LSM changes from baseline in PROs at 24 weeks in AMBITION and ADACTA
| AMBITION* | ADACTA* | ||||||
| LSM change from baseline† | LSM change from baseline† | ||||||
| TCZ | MTX | Difference (95% CI) | TCZ | ADA | Difference (95% CI) | p value | |
| PtGA, VAS 0–100 mm | −33.5 | −29.5 | −4.1 (−9.3 to 1.2) | −42.3 | −31.8 | −10.5 (−17.7 to −3.3) | 0.004 |
| Patient pain, VAS 0–100 mm | −31.5 | −29.5 | −2.0 (−7.1 to 3.1) | −40.1 | −28.7 | −11.3 (−18.3 to −4.3) | 0.002 |
| HAQ-DI, 0–3 | −0.7‡ | −0.5 | −0.2 (−0.3 to −0.1) | −0.7 | −0.5 | −0.2 (−0.3 to 0.0) | 0.065 |
| FACIT-Fatigue, 0–52 | 8.7‡ | 5.7 | 2.9 (1.0 to 4.8) | 11.4 | 8.9 | 2.5 (−0.3 to 5.3) | 0.077 |
| SF-36 PCS (mean: 50, SD: 10) | 9.8‡ | 7.8 | 2.0 (0.4 to 3.7) | 9.2 | 7.6 | 1.6 (−0.6 to 3.8) | 0.164 |
| SF-36 MCS (mean: 50, SD: 10) | 6.8 | 4.8 | 2.0 (−0.3 to 4.2) | 7.9 | 5.0 | 2.9 (0.0 to 5.9) | 0.050 |
| SF-36 domains, 0–100 | |||||||
| Physical functioning | 23.0‡ | 16.5 | 6.5 (2.2 to 10.8) | 20.0 | 16.0 | 4.0 (−1.5 to 9.5) | 0.156 |
| Role-physical | 37.3 | 29.8 | 7.5 (−0.1 to 15.2) | 23.8 | 16.4 | 7.4 (1.3 to 13.5) | 0.017 |
| Bodily pain | 30.4‡ | 24.8 | 5.7 (1.9 to 9.5) | 29.3 | 23.8 | 5.5 (−0.2 to 11.2) | 0.058 |
| General health | 12.7 | 9.6 | 3.1 (−0.1 to 6.3) | 10.7 | 7.6 | 3.0 (−1.2 to 7.3) | 0.156 |
| Vitality | 19.5‡ | 12.9 | 6.6 (2.9 to 10.4) | 19.1 | 14.0 | 5.1 (0.2 to 9.9) | 0.040 |
| Social functioning | 21.5‡ | 16.4 | 5.1 (1.0 to 9.3) | 23.4 | 17.1 | 6.3 (0.6 to 12.0) | 0.032 |
| Role-emotional | 28.5 | 22.2 | 6.3 (−1.5 to 14.1) | 15.4 | 9.7 | 5.7 (−0.6 to 12.0) | 0.077 |
| Mental health | 14.3‡ | 10.2 | 4.1 (0.8 to 7.5) | 13.5 | 9.3 | 4.2 (−0.1 to 8.5) | 0.057 |
| CDAI | −25.6§ | −19.8 | −5.8 (−8.6 to −3.0) | −23.8 | −18.9 | −4.9 (−8.3 to −1.5) | 0.005 |
*Analyses were performed using the per-protocol population in AMBITION (TCZ, n=265; MTX, n=259) and the intention-to-treat population in ADACTA (TCZ, n=163; ADA, n=162).

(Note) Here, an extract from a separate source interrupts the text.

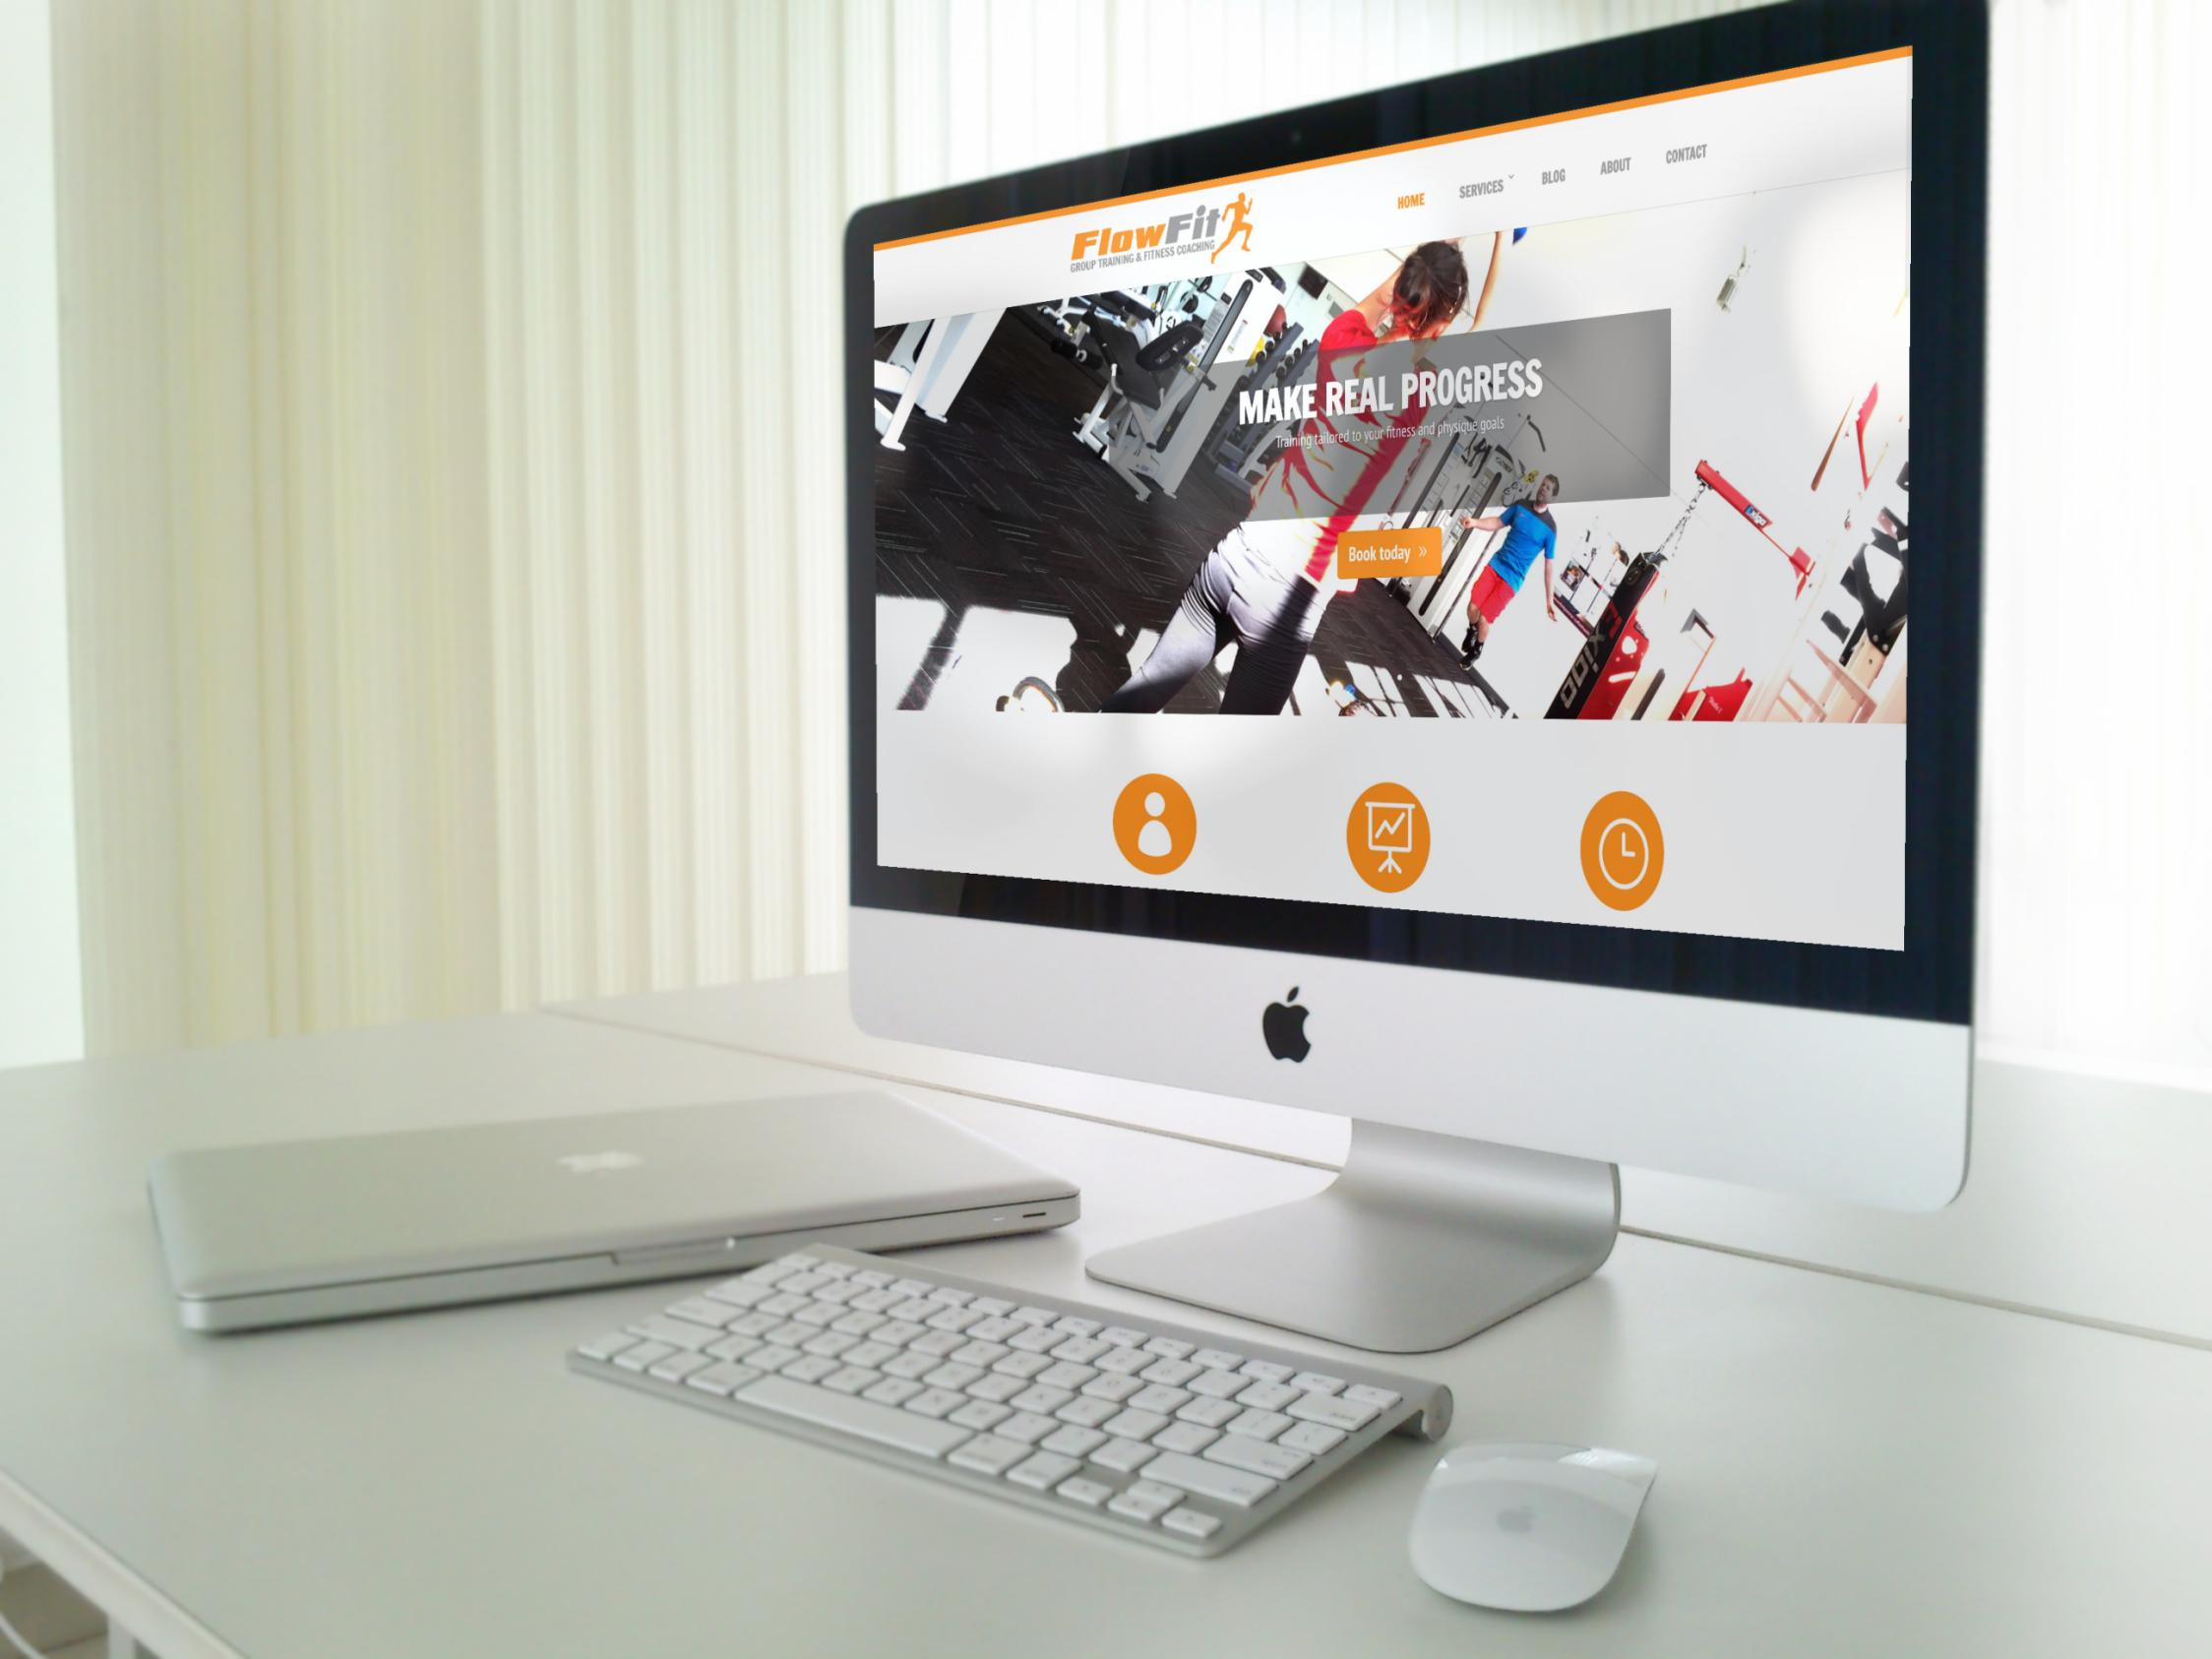 ffit website mockup1 - Fitness & gym graphic design services

†Adjusted for site (AMBITION)/region (ADACTA), baseline score (ADACTA) and duration of RA.
‡Statistical significance is demonstrated by the lower limit of the 95% CI of TCZ – MTX >0.
§Statistical significance is demonstrated by the upper limit of the 95% CI of TCZ – MTX <0.

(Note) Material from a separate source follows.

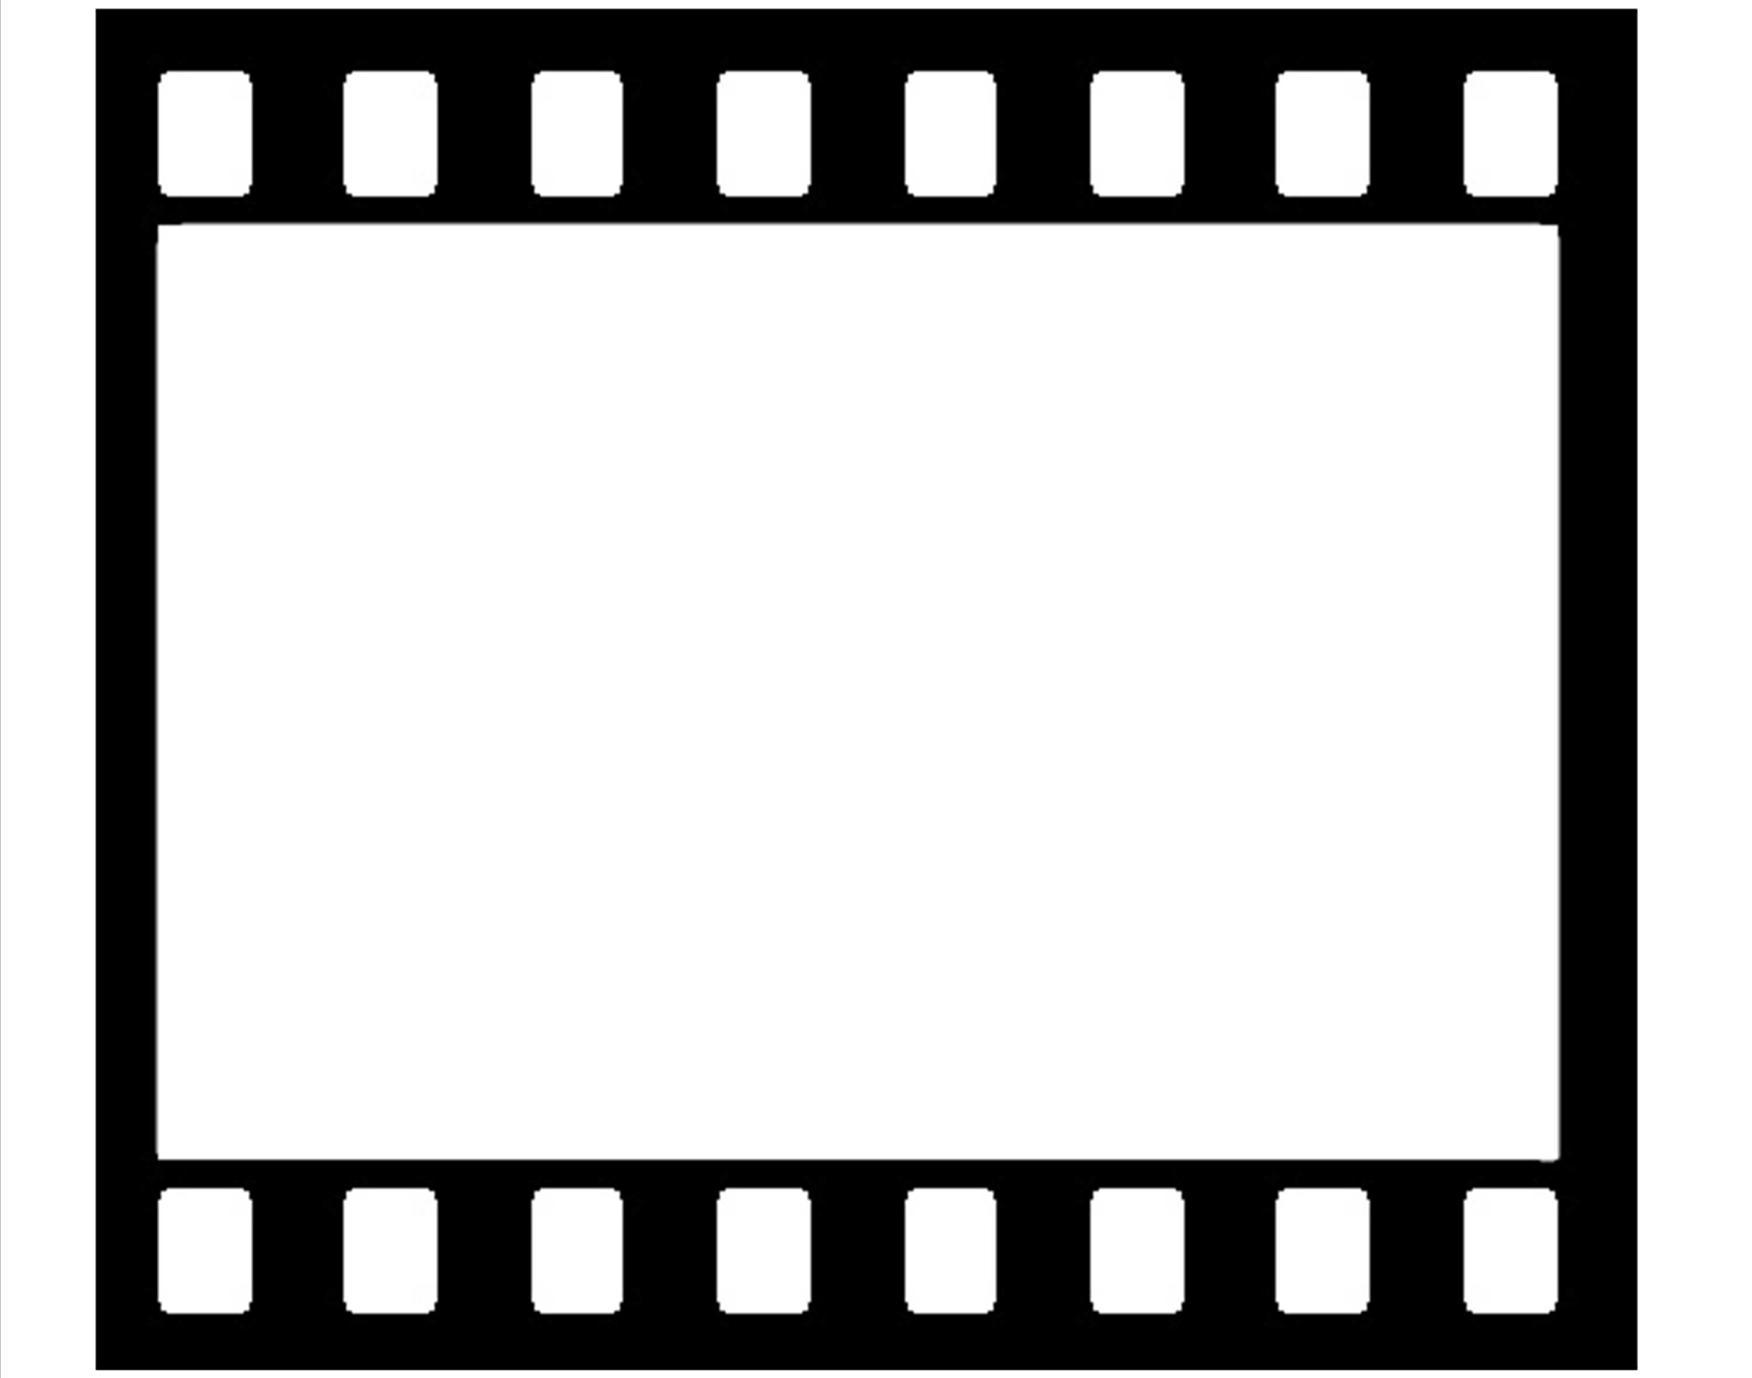 Movie Film Strip Clipart Free Clip Art Images

ADA, adalimumab; CDAI, Clinical Disease Activity Index; FACIT, Functional Assessment of Chronic Illness Therapy; HAQ-DI, Health Assessment Questionnaire Disability Index; LSM, least squares mean; MCS, mental component summary; MTX, methotrexate; PCS, physical component summary; PRO, patient-reported outcome; PtGA, patient global assessment; RA, rheumatoid arthritis; SF-36, Short Form-36; TCZ, tocilizumab; VAS, visual analogue scale.